Quasi-projective nilmanifolds

TL;DR

This paper characterizes when certain non-compact nilmanifolds can be realized as smooth quasi-projective varieties, showing they are often trivial or torus bundles over tori, with specific results for low-dimensional cases.

Contribution

It provides a classification of quasi-projective nilmanifolds as trivial or torus bundle structures and identifies low-dimensional Lie groups whose nilmanifolds can be diffeomorphic to such varieties.

Findings

Nilmanifolds are diffeomorphic to trivial torus bundles over tori when $H^1(V)$ vanishes.

General nilmanifolds are either trivial torus bundles or torus bundles over tori.

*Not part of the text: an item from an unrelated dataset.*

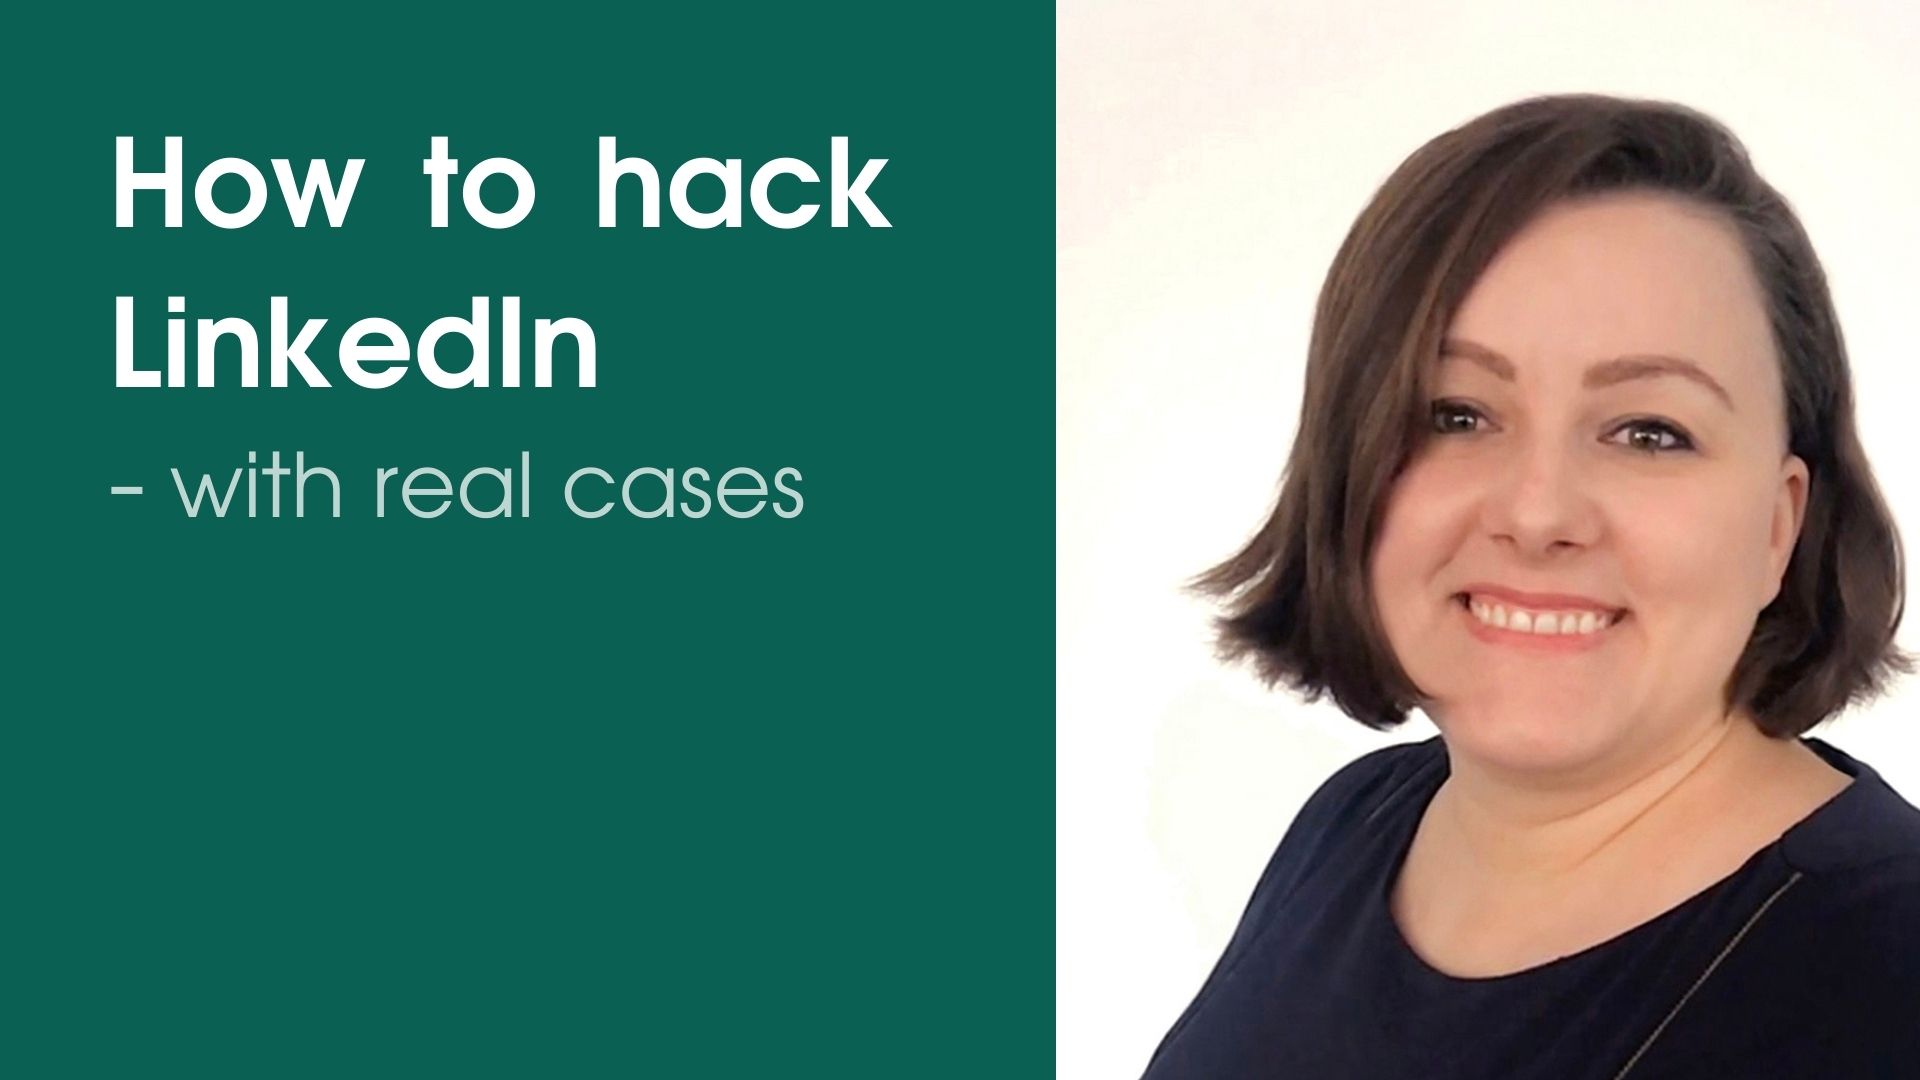 How to hack LinkedIn - with real cases (video)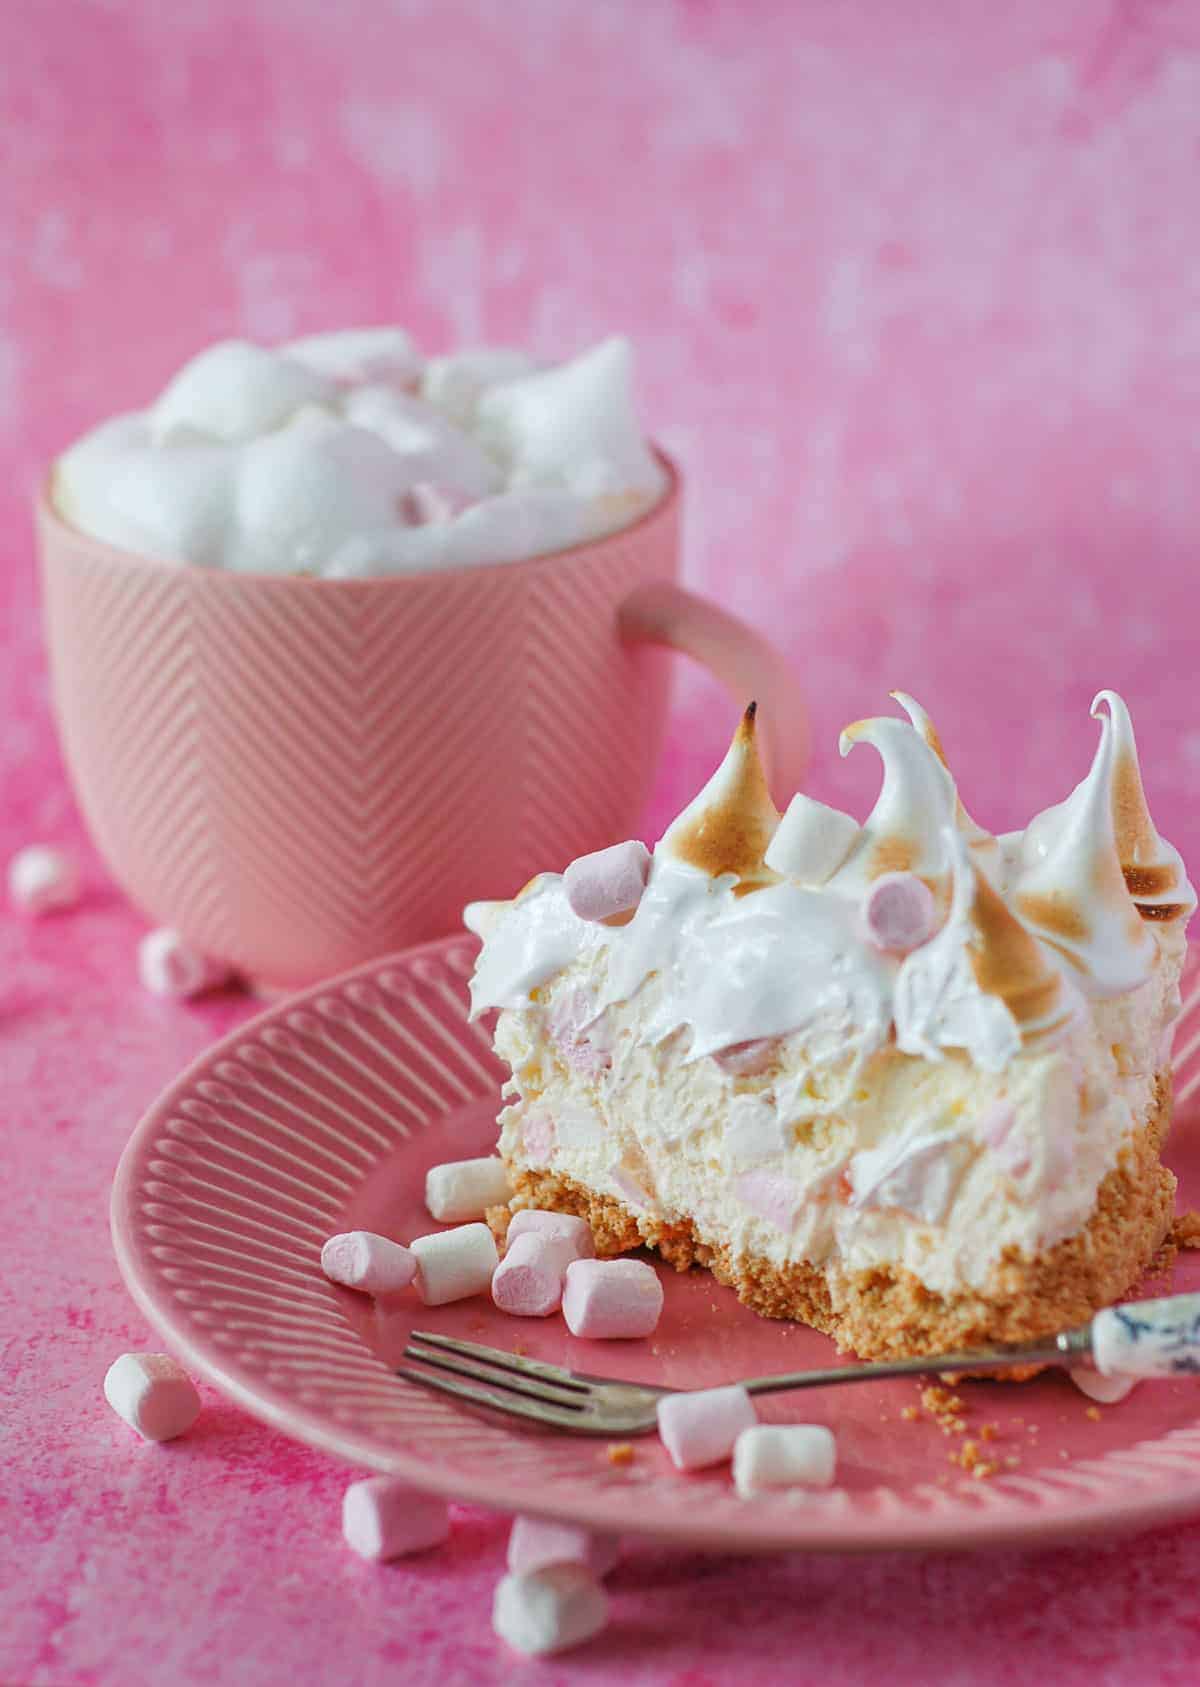 A slice of marshmallow tart on a pink plate with a mug of coffee in the background.

Low-dimensional nilmanifolds (up to dimension 8) are classified regarding their potential to be diffeomorphic to smooth quasi-projective varieties.

Abstract

Let $M=V\setminus D$ be a smooth quasi-projective variety for some smooth projective variety $V$ and a divisor $D$ with normal crossings. Assume that $M$ is diffeomorphic to a non-compact nilmanifold $\Gamma\backslash N\times\mathbb{R}^m$. We show that $M$ is diffeomorphic to a trivial bundle $T^n\times \mathbb{R}^m$ over a torus $T^n$ if the first cohomology $H^1(V)$ of $V$ vanishes. Moreover, in general, we show that $M$ is diffeomorphic to a trivial bundle $T^{b_1(M)}\times \mathbb{R}^m$ over a $b_1(M)$-dimensional torus $T^{b_1(M)}$, or a trivial bundle $E\times \mathbb{R}^m$ such that $E$ is a torus bundle $E\rightarrow T^{b_1(M)}$ over a torus $T^{b_1(M)}$. Conversely, we consider whether non-compact nilmanifolds are diffeomorphic to a smooth quasi-projective variety. We determine the Lie groups of dimension up to $8$ such that corresponding non-compact nilmanifolds may be diffeomorphic to smooth quasi-projective varieties.